Input data:
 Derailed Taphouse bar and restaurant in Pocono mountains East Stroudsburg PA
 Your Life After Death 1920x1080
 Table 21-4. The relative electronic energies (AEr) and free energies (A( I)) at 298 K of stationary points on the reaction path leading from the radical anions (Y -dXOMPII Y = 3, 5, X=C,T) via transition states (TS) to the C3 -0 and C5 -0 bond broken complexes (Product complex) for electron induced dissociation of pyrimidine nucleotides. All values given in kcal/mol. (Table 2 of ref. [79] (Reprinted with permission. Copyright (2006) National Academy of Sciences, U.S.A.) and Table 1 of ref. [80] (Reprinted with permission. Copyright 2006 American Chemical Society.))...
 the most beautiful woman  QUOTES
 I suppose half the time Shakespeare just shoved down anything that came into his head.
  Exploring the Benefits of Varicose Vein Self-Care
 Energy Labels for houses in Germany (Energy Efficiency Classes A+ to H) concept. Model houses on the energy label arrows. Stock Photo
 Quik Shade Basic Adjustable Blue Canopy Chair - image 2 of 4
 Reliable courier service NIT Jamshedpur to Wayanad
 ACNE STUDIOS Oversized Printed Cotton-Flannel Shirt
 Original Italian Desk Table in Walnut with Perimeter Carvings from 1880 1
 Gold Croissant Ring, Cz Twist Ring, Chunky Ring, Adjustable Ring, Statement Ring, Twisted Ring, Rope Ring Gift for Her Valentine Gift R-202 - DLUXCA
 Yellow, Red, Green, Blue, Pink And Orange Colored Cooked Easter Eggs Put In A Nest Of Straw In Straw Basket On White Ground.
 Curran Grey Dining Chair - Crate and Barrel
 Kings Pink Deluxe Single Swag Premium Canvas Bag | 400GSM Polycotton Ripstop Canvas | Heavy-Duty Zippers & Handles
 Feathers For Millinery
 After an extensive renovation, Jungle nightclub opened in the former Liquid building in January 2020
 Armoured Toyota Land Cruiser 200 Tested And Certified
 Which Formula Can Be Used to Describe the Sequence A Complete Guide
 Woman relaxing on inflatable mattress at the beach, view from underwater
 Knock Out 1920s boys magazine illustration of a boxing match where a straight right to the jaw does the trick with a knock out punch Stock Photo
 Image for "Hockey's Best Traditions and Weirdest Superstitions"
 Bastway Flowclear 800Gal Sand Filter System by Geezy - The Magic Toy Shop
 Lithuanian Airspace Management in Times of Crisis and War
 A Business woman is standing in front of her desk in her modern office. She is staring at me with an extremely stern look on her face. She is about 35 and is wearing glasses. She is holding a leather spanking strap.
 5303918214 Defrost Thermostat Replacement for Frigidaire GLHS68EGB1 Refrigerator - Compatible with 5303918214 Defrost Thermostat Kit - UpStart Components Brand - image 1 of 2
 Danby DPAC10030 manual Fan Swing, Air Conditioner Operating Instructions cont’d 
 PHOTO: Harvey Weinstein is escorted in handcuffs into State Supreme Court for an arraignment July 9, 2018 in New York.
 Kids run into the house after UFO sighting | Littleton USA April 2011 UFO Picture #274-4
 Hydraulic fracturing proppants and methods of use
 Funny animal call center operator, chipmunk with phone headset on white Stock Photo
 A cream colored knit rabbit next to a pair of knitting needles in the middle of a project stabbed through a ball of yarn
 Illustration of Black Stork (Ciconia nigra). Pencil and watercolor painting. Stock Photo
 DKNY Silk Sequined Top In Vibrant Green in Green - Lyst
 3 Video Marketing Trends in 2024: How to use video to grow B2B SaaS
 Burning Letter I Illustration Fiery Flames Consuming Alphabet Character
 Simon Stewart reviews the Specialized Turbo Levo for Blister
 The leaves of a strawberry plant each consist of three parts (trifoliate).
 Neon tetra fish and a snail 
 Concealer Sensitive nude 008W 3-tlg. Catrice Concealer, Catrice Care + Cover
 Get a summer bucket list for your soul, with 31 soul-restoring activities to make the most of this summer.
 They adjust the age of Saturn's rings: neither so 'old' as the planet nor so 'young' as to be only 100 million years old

What this task involves: Return, word for word, the lines of the data above from the line with "Quik Shade Basic" through the line with "Woman relaxing on", inclusive.

Answer to this problem:
 Quik Shade Basic Adjustable Blue Canopy Chair - image 2 of 4
 Reliable courier service NIT Jamshedpur to Wayanad
 ACNE STUDIOS Oversized Printed Cotton-Flannel Shirt
 Original Italian Desk Table in Walnut with Perimeter Carvings from 1880 1
 Gold Croissant Ring, Cz Twist Ring, Chunky Ring, Adjustable Ring, Statement Ring, Twisted Ring, Rope Ring Gift for Her Valentine Gift R-202 - DLUXCA
 Yellow, Red, Green, Blue, Pink And Orange Colored Cooked Easter Eggs Put In A Nest Of Straw In Straw Basket On White Ground.
 Curran Grey Dining Chair - Crate and Barrel
 Kings Pink Deluxe Single Swag Premium Canvas Bag | 400GSM Polycotton Ripstop Canvas | Heavy-Duty Zippers & Handles
 Feathers For Millinery
 After an extensive renovation, Jungle nightclub opened in the former Liquid building in January 2020
 Armoured Toyota Land Cruiser 200 Tested And Certified
 Which Formula Can Be Used to Describe the Sequence A Complete Guide
 Woman relaxing on inflatable mattress at the beach, view from underwater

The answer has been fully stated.